» AIM OF THE TASK
Copy exactly, and copy only, the lines from the one bearing "French Art Deco" through the final line of the records.

» SOURCE DATA
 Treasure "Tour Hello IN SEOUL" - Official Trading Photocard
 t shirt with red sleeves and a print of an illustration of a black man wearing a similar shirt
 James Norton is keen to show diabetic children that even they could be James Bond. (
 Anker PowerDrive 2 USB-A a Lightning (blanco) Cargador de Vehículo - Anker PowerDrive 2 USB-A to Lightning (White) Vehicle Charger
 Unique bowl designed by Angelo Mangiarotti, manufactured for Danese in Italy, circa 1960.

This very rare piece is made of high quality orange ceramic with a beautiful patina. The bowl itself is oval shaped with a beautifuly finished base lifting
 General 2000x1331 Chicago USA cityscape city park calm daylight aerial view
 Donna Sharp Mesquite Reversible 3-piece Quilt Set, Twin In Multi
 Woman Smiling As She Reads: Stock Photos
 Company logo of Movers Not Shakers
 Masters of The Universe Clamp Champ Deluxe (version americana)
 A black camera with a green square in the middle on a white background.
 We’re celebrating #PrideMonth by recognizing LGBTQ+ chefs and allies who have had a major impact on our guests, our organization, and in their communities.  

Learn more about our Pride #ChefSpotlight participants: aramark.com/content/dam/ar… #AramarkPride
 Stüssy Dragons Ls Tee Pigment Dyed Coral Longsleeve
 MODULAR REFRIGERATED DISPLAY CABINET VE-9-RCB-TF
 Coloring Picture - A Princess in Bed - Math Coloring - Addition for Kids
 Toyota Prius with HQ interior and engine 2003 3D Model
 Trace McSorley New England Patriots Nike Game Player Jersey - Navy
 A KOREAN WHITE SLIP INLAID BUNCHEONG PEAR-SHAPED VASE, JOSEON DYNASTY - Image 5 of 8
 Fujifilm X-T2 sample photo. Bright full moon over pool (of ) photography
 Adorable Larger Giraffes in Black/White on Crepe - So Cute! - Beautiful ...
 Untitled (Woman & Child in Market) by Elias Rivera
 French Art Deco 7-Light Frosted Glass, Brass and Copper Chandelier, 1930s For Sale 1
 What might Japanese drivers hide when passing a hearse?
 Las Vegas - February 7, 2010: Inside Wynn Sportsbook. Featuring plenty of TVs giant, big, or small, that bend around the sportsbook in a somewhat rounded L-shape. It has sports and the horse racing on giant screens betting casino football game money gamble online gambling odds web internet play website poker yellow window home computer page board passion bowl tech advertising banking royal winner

» TASK RESPONSE
 French Art Deco 7-Light Frosted Glass, Brass and Copper Chandelier, 1930s For Sale 1
 What might Japanese drivers hide when passing a hearse?
 Las Vegas - February 7, 2010: Inside Wynn Sportsbook. Featuring plenty of TVs giant, big, or small, that bend around the sportsbook in a somewhat rounded L-shape. It has sports and the horse racing on giant screens betting casino football game money gamble online gambling odds web internet play website poker yellow window home computer page board passion bowl tech advertising banking royal winner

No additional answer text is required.